Bilton Banks was a village in Northumberland adjacent to the coal mines of Shilbottle and Longdyke. It was home to many miners’ families from the late 19th century through the mid 20th century, when the mines were finally closed and the houses condemned and demolished. Today there is nothing to show that, for almost three quarters of a century, a close-knit community of dozens of working families lived and worked there but still, hidden beneath a peaceful agricultural scene, lie the tunnels and workings in which they laboured to bring up the coal to feed British industry.

==History==

===The Pit===
Coal mining has been associated with this area of north east England for many hundreds of years. It is believed that monks from nearby Hulne Priory were mining coal in the area from around the 12th century and written survey records, held by the Newcastle Society of Antiquaries, exist from the 1500s of transactions involving the transfer of ownership of coal mines and mining rights.
There are three main seams of coal in the Shilbottle area of Northumberland, the Townsend, Cannel and Shilbottle and these have been mined in various ways for many hundreds of years at various locations, resulting in multiple spoil heaps becoming part of the countryside over time.
Nineteenth century Shilbottle is described in Parish data of the period as comprising five poor law townships of Shilbottle, Shilbottle Woodhouse, Hazon, Hartlaw and Newton-on-the-Moor.

The mine most associated with Bilton Banks community was Longdyke Pit. It was sunk in about 1844/5 at a depth of around 25 fathoms (a fathom equals 1.828 metres or approximately 6 feet). The shaft was ten and a half feet in diameter. Coal was transported underground on a system of carts and rails. The carts were towed by pit ponies who lived for many years in the mines, never coming up into the sunlight until they were retired, by which time their eyesight had often been badly affected.
The mine operated three shifts of miners. Day to day injuries were common, after all, mining was a dangerous occupation but according to The Coalmining History Resource Centre, in the 50-year period from 1800 there were on average three major colliery disasters nationally every year. During this period 3,486 men and boys were recorded as killed or injured underground. Things were even worse in the next 50 years with 59,580 serious injuries and deaths. The most common cause of death appears to be "Fall of Stone".

===The Village===
In the census of June 1841, the village of Bilton Banks shows only two families of agricultural workers as resident. Following an adverse report of housing conditions in the village of Shilbottle by a sanitary inspector in 1874, housing at Bilton Banks was constructed adjacent to Longdyke Colliery, to house the mine workers. By the census of 1881, 29 dwellings are listed with a total of 144 occupants and by 1891 164 people are shown as living in the village, of which by far the majority worked in some fashion at the colliery. Living conditions were Spartan however with only one room below, two above and for most, no inside sink, bath or toilet facilities. Later additions included a lean-to wash house with a sink and pantry on the rear of the house.

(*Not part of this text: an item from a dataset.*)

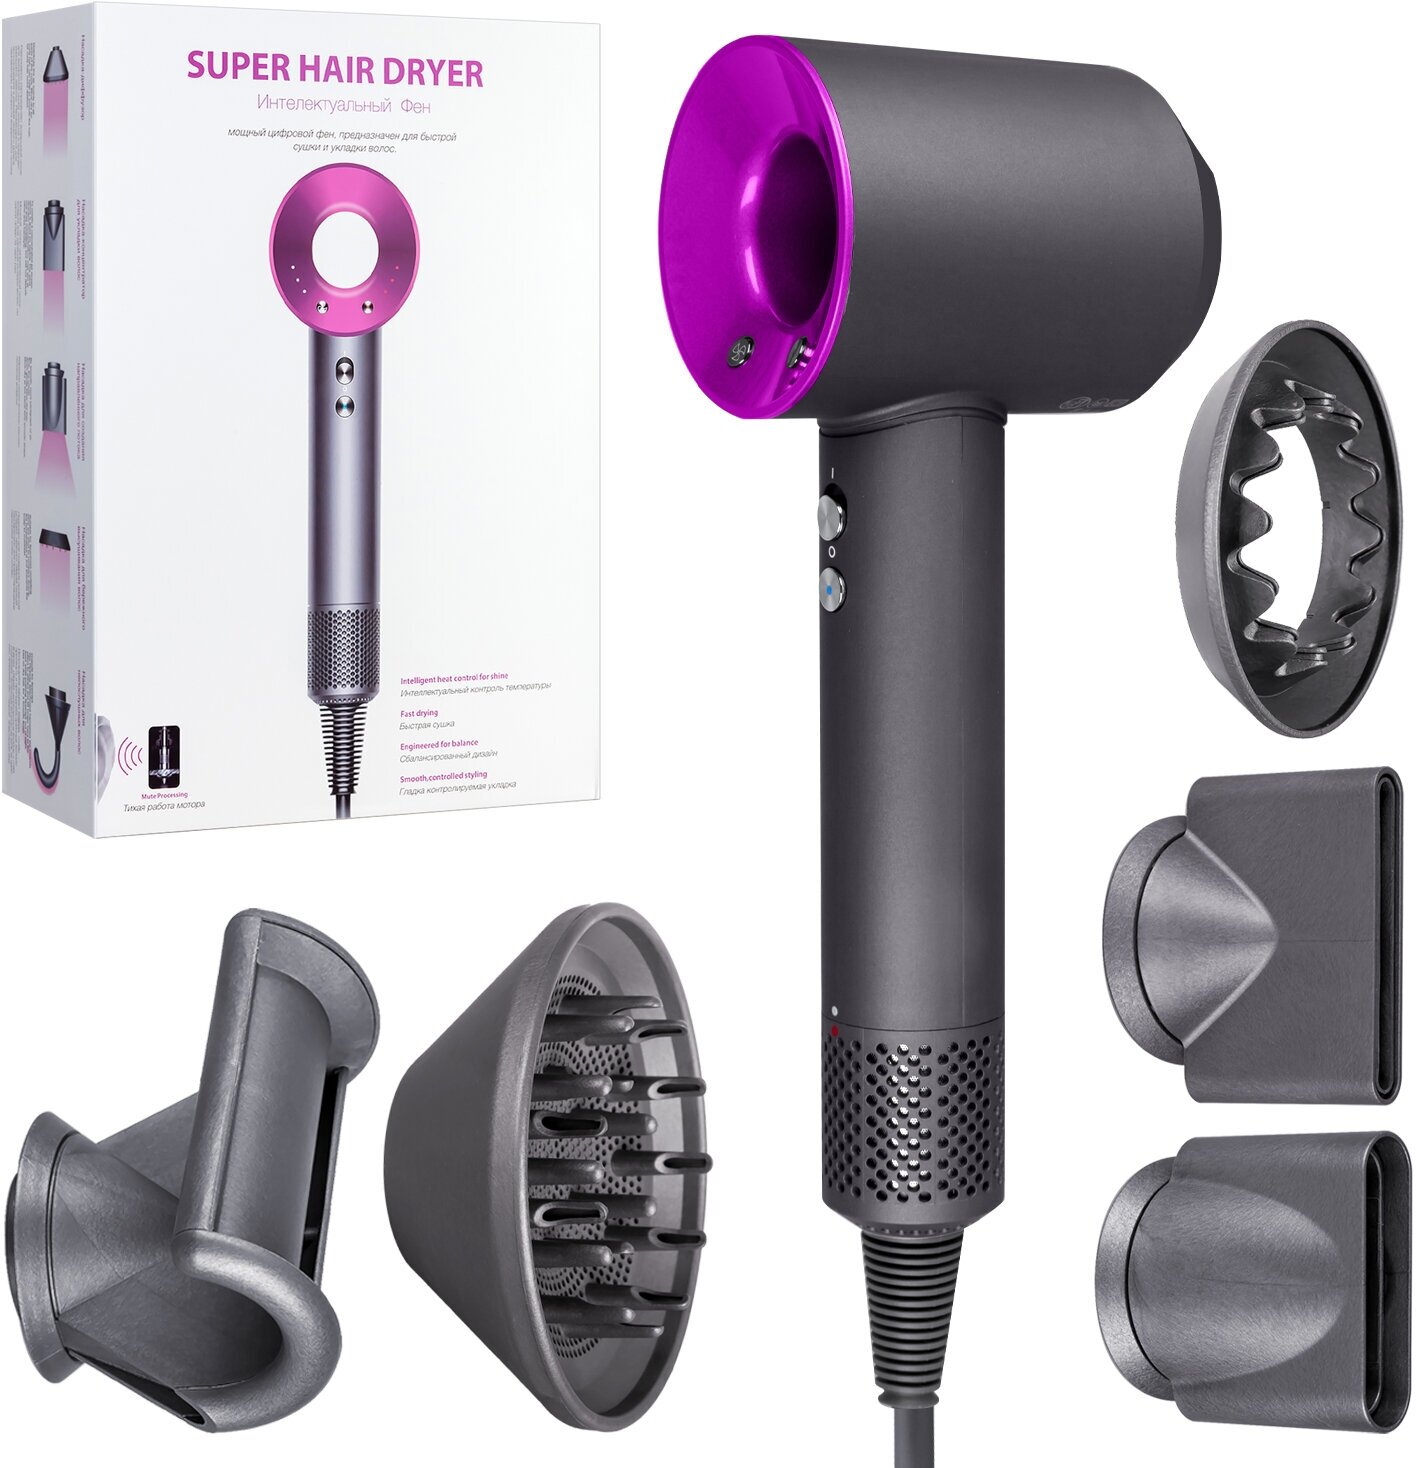 Фен набор для укладки волос Super Hair Dryer 6-in-1, 3 м, Серый с фиолетовым

The enclosed ‘privies’, consisting of a wooden seat with a hole in it under which was positioned a large galvanised bucket, were a short walk across the lane and beyond them were the middens which were cleared weekly by the ‘night soil men’ with wheelbarrows, horse and cart.
With the poor state of the nation’s health, highlighted by the poor quality of recruits offered to the military, national health became a government concern between the wars and beginning with the 1919 ‘Addison Act’ (named after its author, Dr Christopher Addison) various housing acts transferred responsibility for working class housing, sanitation and living conditions to local authorities. Longdyke Colliery was abandoned in August 1925 but the village remained. In 1937 the houses at Bilton Banks, owned at that time by the Duke of Northumberland, were inspected under the provisions of the Housing Act 1925. The Inspector, after a detailed survey of the properties, concluded that the houses should be condemned and the occupants re-housed. However, many survived into the 1950s before finally being demolished.

===Industrial Relations===
With working conditions as hard as they undoubtedly were, strikes occurred with regularity in the oft repeated endeavour to improve miners’ conditions. These met with varying degrees of success. In 1831 at Shilbottle, the miners prevailed but in 1832 the coal owners crushed the union, ensuring that little immediate improvement occurred. A national movement gradually developed which led to strike action being recommended in 1912. Agreement was reached locally on a minimum wage but the Northumberland Miners’ Federation refused permission for the men to work without the assent of the National Federation. National economic conditions resulted in local shopkeepers refusing credit which severely impacted families in mining communities. The manager of the Shilbottle company gave local families permission to scavenge the heaps close to the colliery for coal. Fortunately the strike ended with the passage, on 28 March 1912, of the Coal Mines (Minimum Wage) Act 1912.